One of the things I've discovered in writing and re-writing this library is that the way you structure the data has a huge effect on how easy or how hard it is to do things. I remember from college waaay back when this was told to me but somehow it didn't sink in. I would say that the most time spent so far on version 5 has been in crafting new data structures to work with.
The first seems pretty trivial but isn't, that is the p3dc_FLOAT type. It is typedef'd as a float which seems somewhat redundant however the idea is that by changing this you can change the library from single precision FP to double precision FP. Presumably you could even change it to fixed point but you would need compiler support in that case because I have not special cased the math functions (add, subtract, multiply, etc) In practice it isn't that simple to convert the library (I've done it as a test), but it is possible.
Next up in the basic types is structure that holds two co-ordinates. It is called a p3dc_PNT2 (point 2) and consists of two p3dc_FLOAT members named u and v. I chose u and v because this structure is most often associated with textures and textures are defined in terms of a uv space to keep from confusing them with the xy space of the screen. Here a page of things you can do with a p3dc_PNT2 type variable.
Two more types in the point family are p3dc_PNT3 and p3dc_PNT4. The former has members x, y, and z, and the latter adds the member w. The definitions are compatible so casting a point-4 to a point-3 and referring to y will change the member y in either definition. Point-3's represent points in 3-D space, whereas point-4's are used to represent points in a 4-D homogenous space. Because of this converting to and from is fairly straight forward. Here is a link to things you can do with p3dc_PNT3 and p3dc_PNT4 type variables.

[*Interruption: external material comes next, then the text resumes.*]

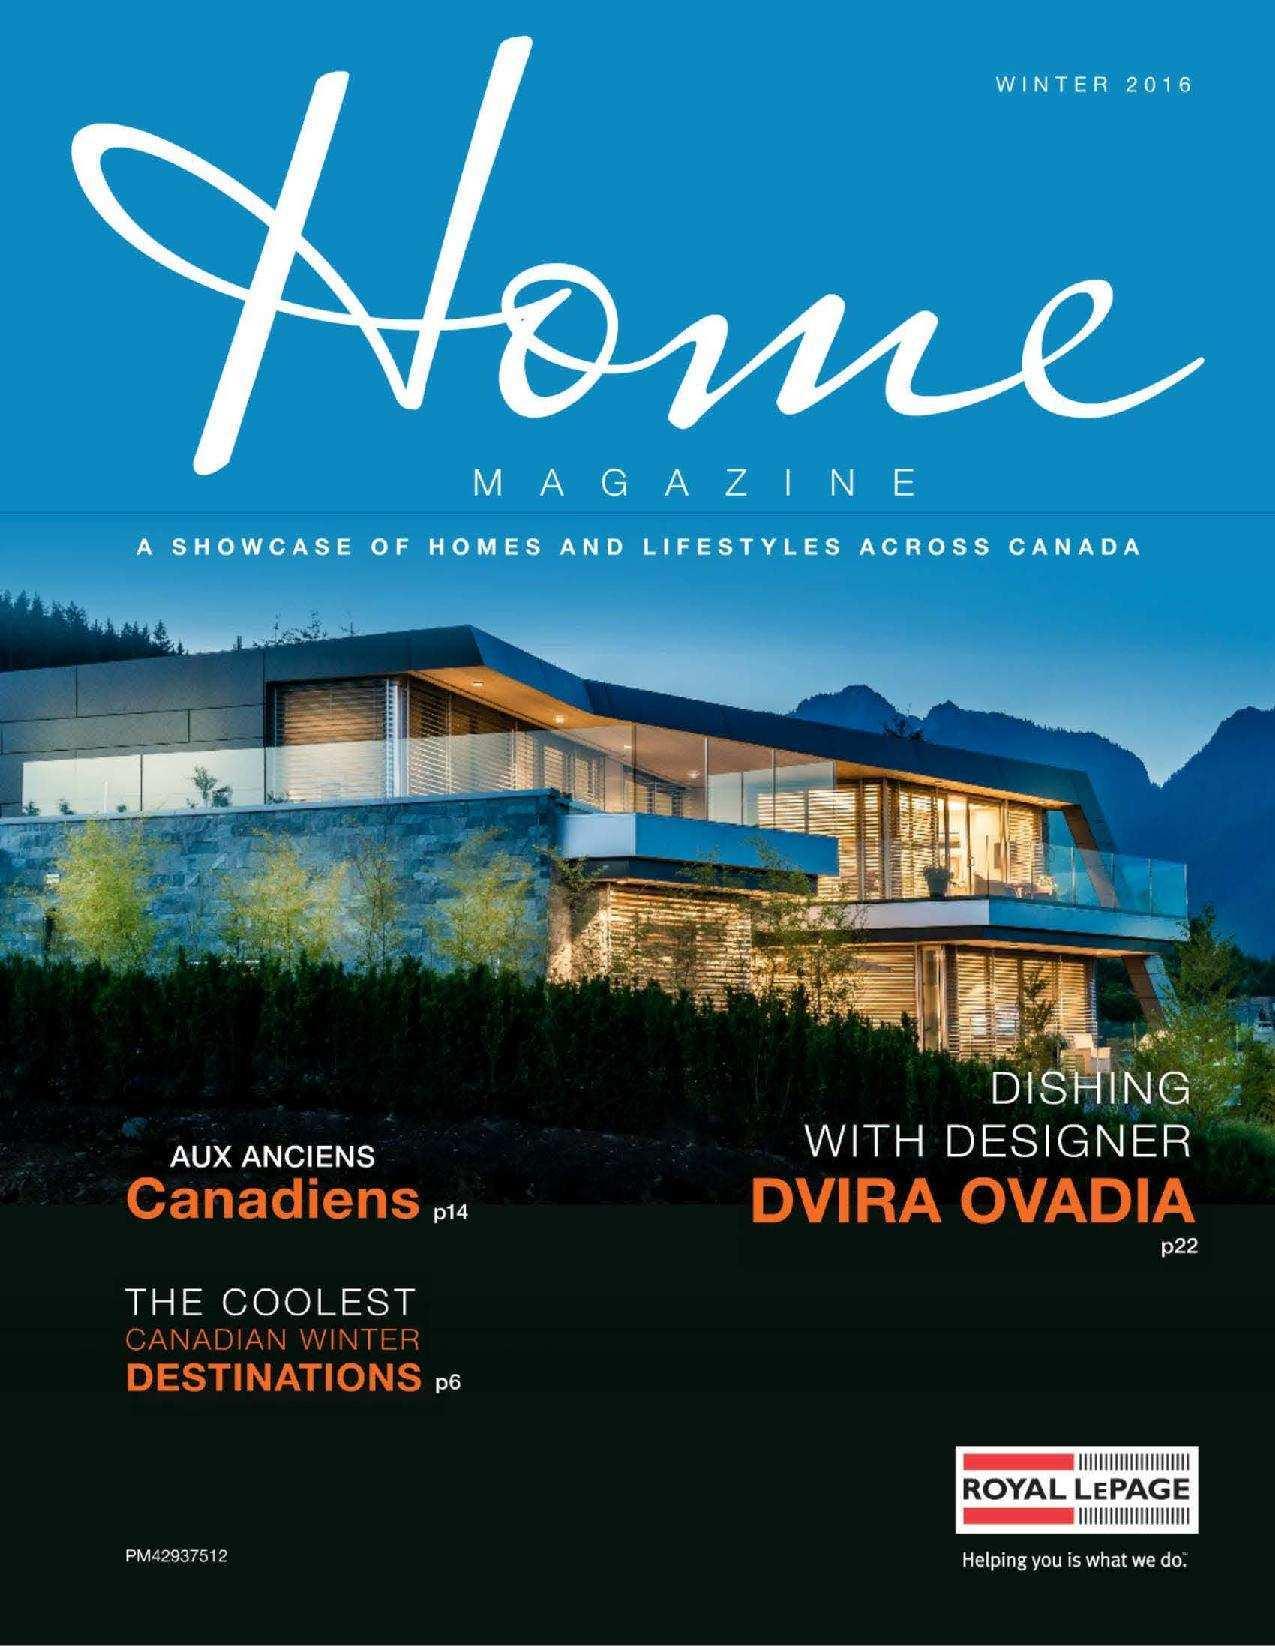 Press Release: Home Magazine
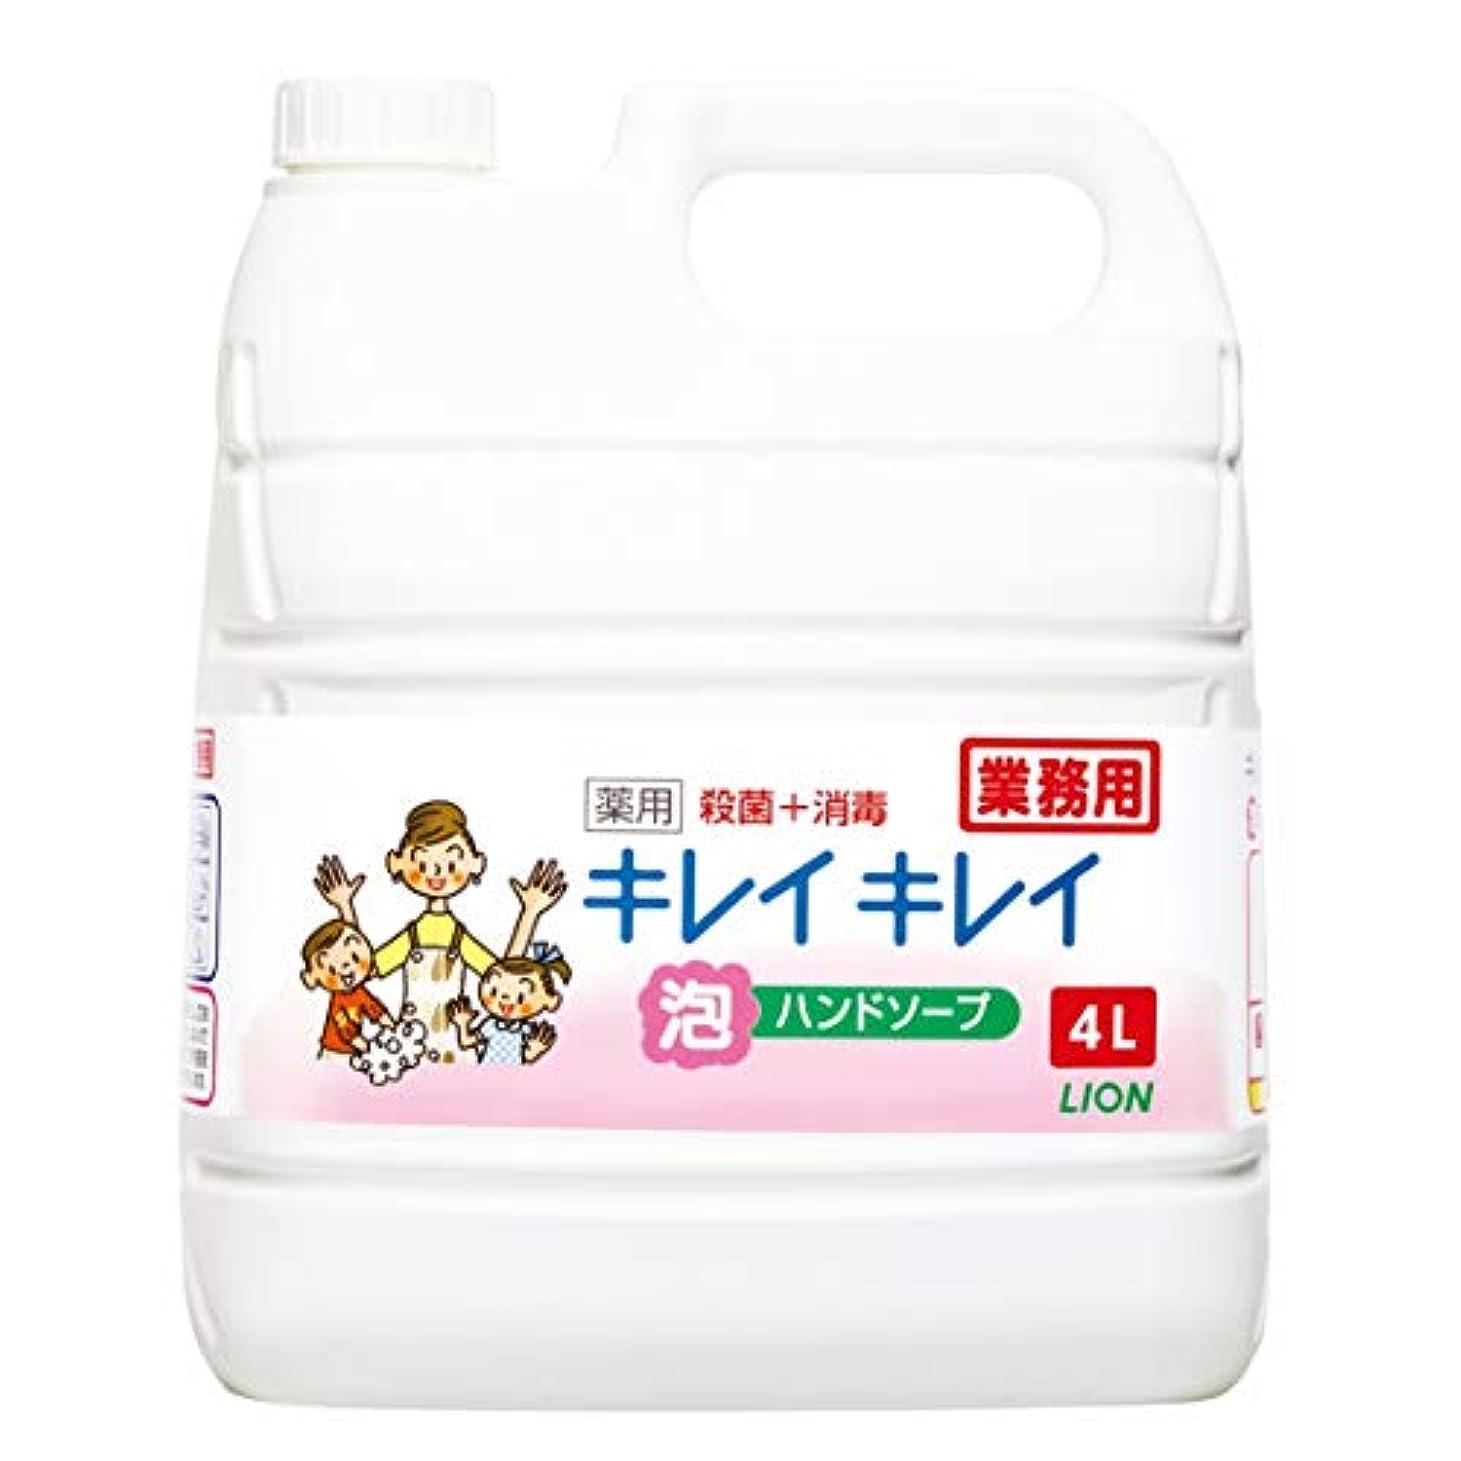 腐敗チャールズキージングもう一度【業務用 大容量】キレイキレイ 薬用 泡ハンドソープ シトラスフルーティの香り 液体 単品 4L(医薬部外品)

The next structure is a transform and is named p3dc_XFRM. A transform has a 16 bit id tag associated with it and a four x four array of floats. Transforms are stored in column major order so that they are compatible with PHIGS transforms (I use the PHIGS code to test my results sometimes). The id member of this structure holds a monotonically increasing number that uniquely identifies a transform. In the code, when a vertex is transformed, the identifier of the transform used is stored in the vertex and later, when the vertex is transformed again, if the identifiers match then the previously computed result is used. This speeds things up when you have static vertices that are part of a scene and they are transformed every frame. There is, of course, a wide variety of things you can do with a p3dc_XFRM typed variable.
Perhaps the most versatile data type in the library are nodes, p3dc_NODE's to be exact. These are a very useful data structure and are used through out the library to hold pointers to allocated memory, pieces of models, etc. The members nxt, prv, and parent facilitate connecting nodes together as either singly, doubly, or heirarchically linked lists. When used hierarchically they are connected into a red/black tree (a form of binary tree) and they use the name member to identify nodes and the color member to help keep the tree balanced. The "payload" of the node consists of a type variable which is a defined enum of type p3dc_TYPE, and a void pointer that points to the payload itself (which can be another node of course). When I get into the discussion of memory management the versatility of nodes will become clear. In the mean time there are many things you can do with nodes.
The place where nodes are stored is called a p3dc_LIST. The list structure maintains house keeping values associated with a list of nodes, these include the first node on the list and the last node on the list. Further, if the list is being enumerated there is a current pointer that will keep track of the last node seen. Additionally, lists can be type exclusive which means they will reject having nodes added to them that don' t match a particular type. This is very useful for debugging purposes. You can read more about lists on the LIST page.
The last of the basic types is the p3dc_CLR definition. This type defines a color in P3DC and it is a union of both separate red, green, blue, and alpha values, and one "packed" 32 bit RGBA value. There are typedefs for big endian and little endian machines so the library should port easily to those architectures. I chose the packed format as it is simpler to move into and out of it, alternatives were a floating point format where each color component has a value between 0 and 1.0 but that can be too slow. The color APIs, such as they are, are described in their own document.
With these basic types, some compound types are created. Each of the compound types gets its own page for clarity.
The first compound type is the p3dc_VRTX type. This type defines what a vertex is in the library. Vertices are used as the lynch pins that hold together polygons, lines, and faces.